In the next post in these series, I’ll take a look at some of the considerations for using network access protection to manage devices that are not compliant with the organisation’s security policies.

Microsoft infrastructure architecture considerations: part 1 (introduction)

Last week, I highlighted the MCS Talks: Enterprise Architecture series of webcasts that Microsoft is running to share the field experience of Microsoft Consulting Services (MCS) in designing and architecting Microsoft-based infrastructure solutions – and yesterday’s post picked up on a key message about software as a service/software plus services from the infrastructure futures section of session 1: infrastructure architecture.

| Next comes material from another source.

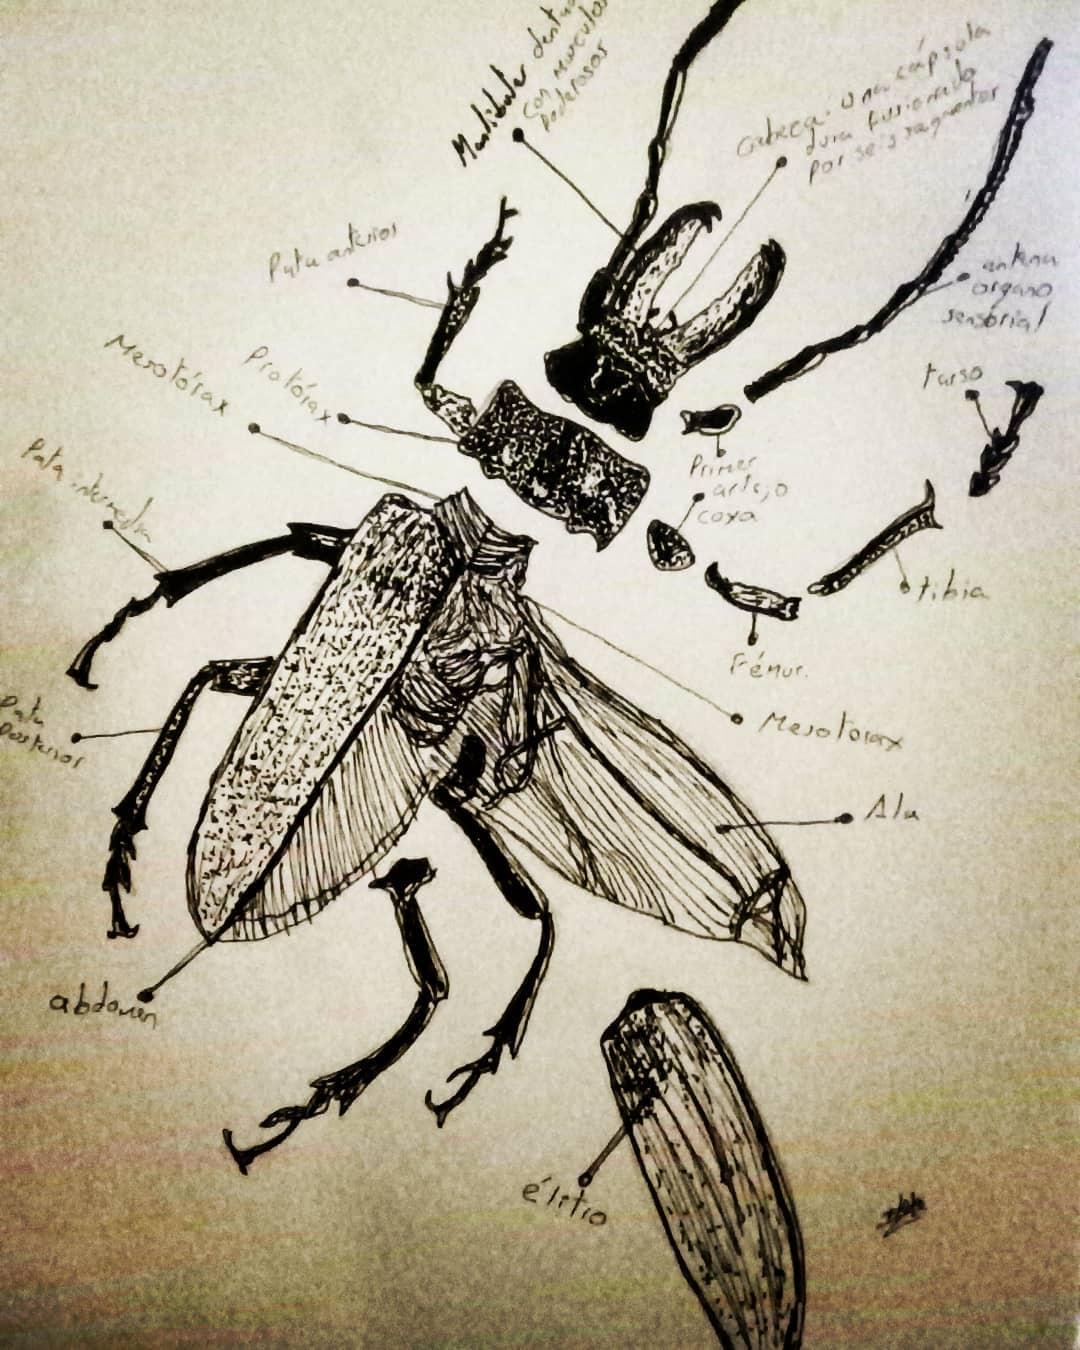 La anatomía de un escarabajo

Over the coming days and weeks, I’ll highlight some of the key messages from the rest of the first session, looking at some of the architectural considerations around:

  • Remote offices.
  • Controlling network access.
  • Virtualisation.
  • Security.
  • High availability.
  • Data centre consolidation.

Whilst much of the information will be from the MCS Talks, I’ll also include some additional information where relevant, but, before diving into the details, it’s worth noting that products rarely solve problems. Sure enough, buying a software tool may fix one problem, but it generally adds to the complexity of the infrastructure and in that way does not get to the root issue. Infrastrcture optimisation (even a self assessment) can help to move IT conversations to a business level as well as allowing the individual tasks that are required to reach meet the overall objectives to be prioritised.

Even though the overall strategy needs to be based on business considerations, there are still architectural considerations to take into account when designing the technical solution and, even though this series of blog posts refers to Microsoft products, there is no reason (architecturally) why alternatives should not be considered.